An' then we heard from a neighbor, disabled at
Malvern Hill,
That he thought in the course of a week or so he'd
be comin' home with Bill.
We was that anxious t' see him we'd set up an'
talk o' nights
Till the break o' day had dimmed the stars an'
put out the Northern Lights;
We waited an' watched fer a month or more, an'
the summer was nearly past,
When a letter come one day that said they'd started
fer home at last.
I'll never fergit the day Bill come—'twas harvest
time again—
An' the air blown over the yeller fields was sweet
with the scent o' the grain;
The dooryard was full o' the neighbors, who had
come to share our joy,
An' all of us sent up a mighty cheer at the sight o'
that soldier boy.
An' all of a sudden somebody said: "My God!

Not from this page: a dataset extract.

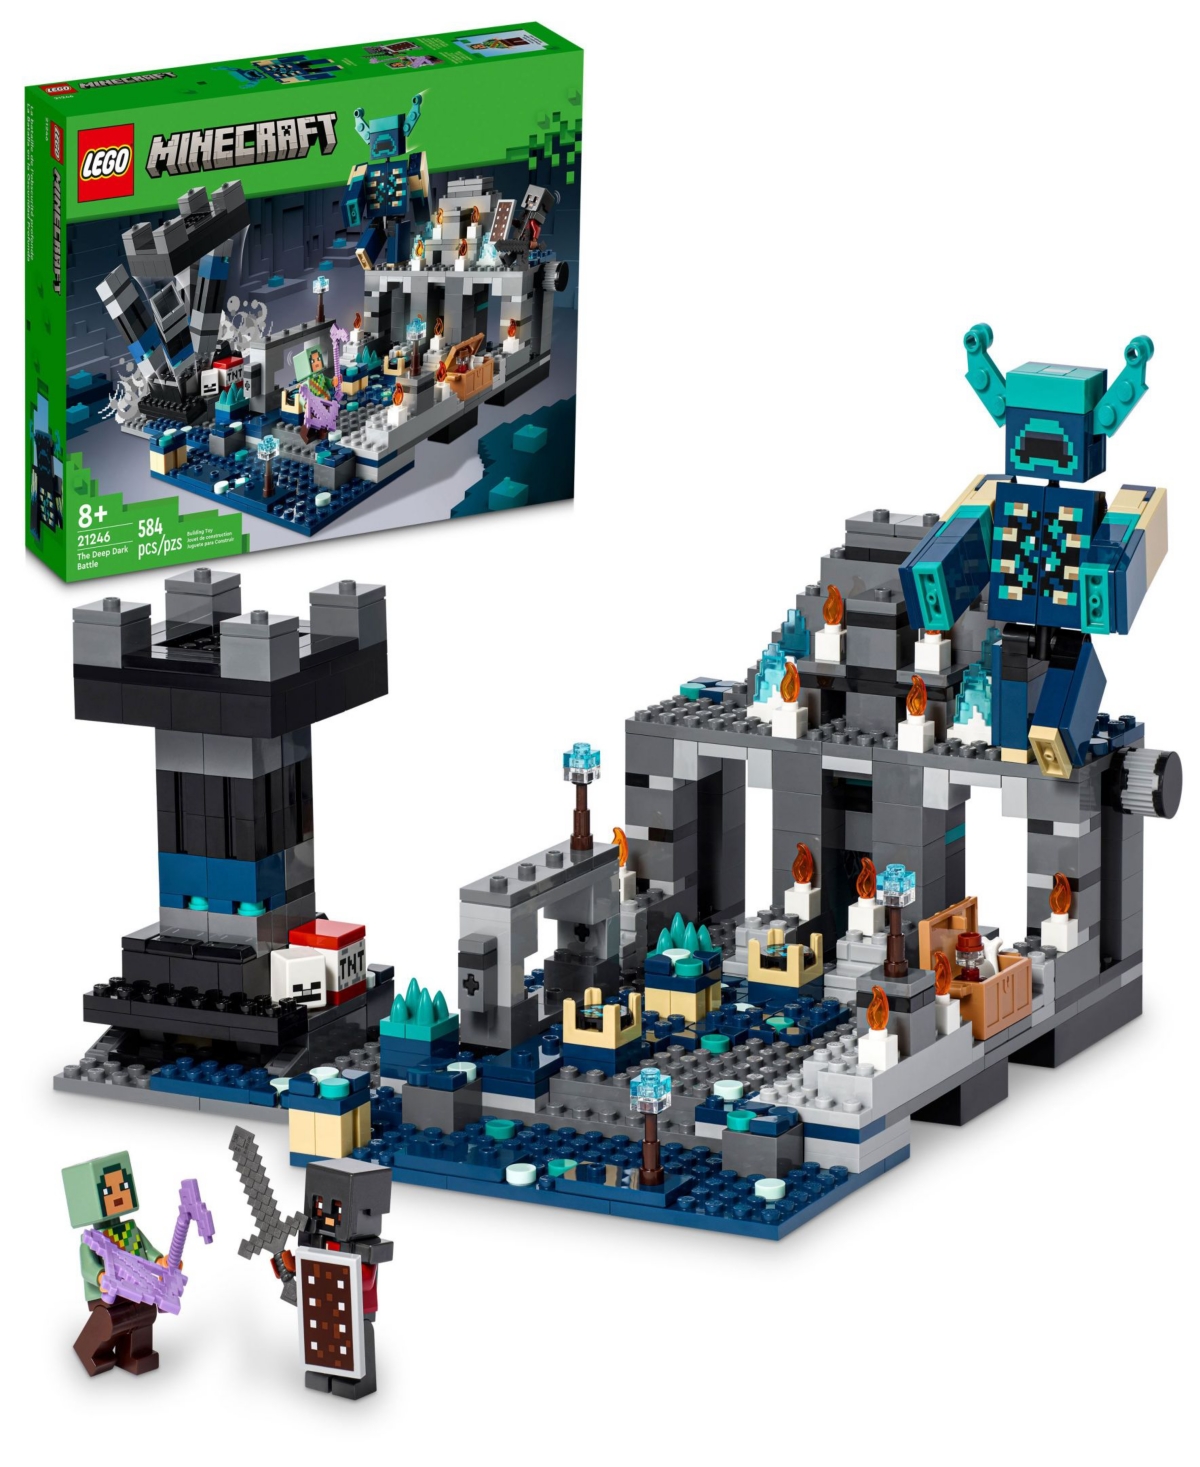 Lego Minecraft The Deep Dark Battle 21246 Toy Building Set With Elven Arbalest Knight And Dwarven Netheri In Multicolor

don't the boy know his mother?"
An' Bill stood a-whisperin', fearful like, an' a-starin'
from one to another;
"Don't be afraid, Bill," says he to himself, as he
stood in his coat o' blue,
"Why, God 'll take care o' you, Bill, God 'll take
care o' you."
He seemed to be loadin' an' firin' a gun, an' to act
like a man who hears
The awful roar o' the battle-field a-soundin' in his
ears;
Ten thousan' ghosts o' that bloody day was marchin'
through his brain
An' his feet they kind o' picked their way as if
they felt the slain.
An' I grabbed his hand, an' says I to Bill, "Don't
ye 'member me?
I'm yer father—don't ye know me? How frightened
ye seem to be!"
But the boy kep' a-whisperin' to himself, as if
'twas all he knew,
"God'll take o' you, Bill, God'll take care o'
you."
He's never known us since that day, nor his
sweetheart, an' never will;
Father an' mother an' sweetheart are all the same
to Bill.
An' he groans like a wounded soldier, sometimes
the whole night through,
An' we smooth his head, an' say: "Yes, Bill,
He 'll surely take care o' you."
Ye can stop a war in a minute, but when can ye
stop the groans?
Fer ye've broke our hearts an' sapped our blood
an' plucked away our bones.
An' ye've filled our souls with bitterness that goes
from sire to son,
So ye best be kind o' careful down there in Washington.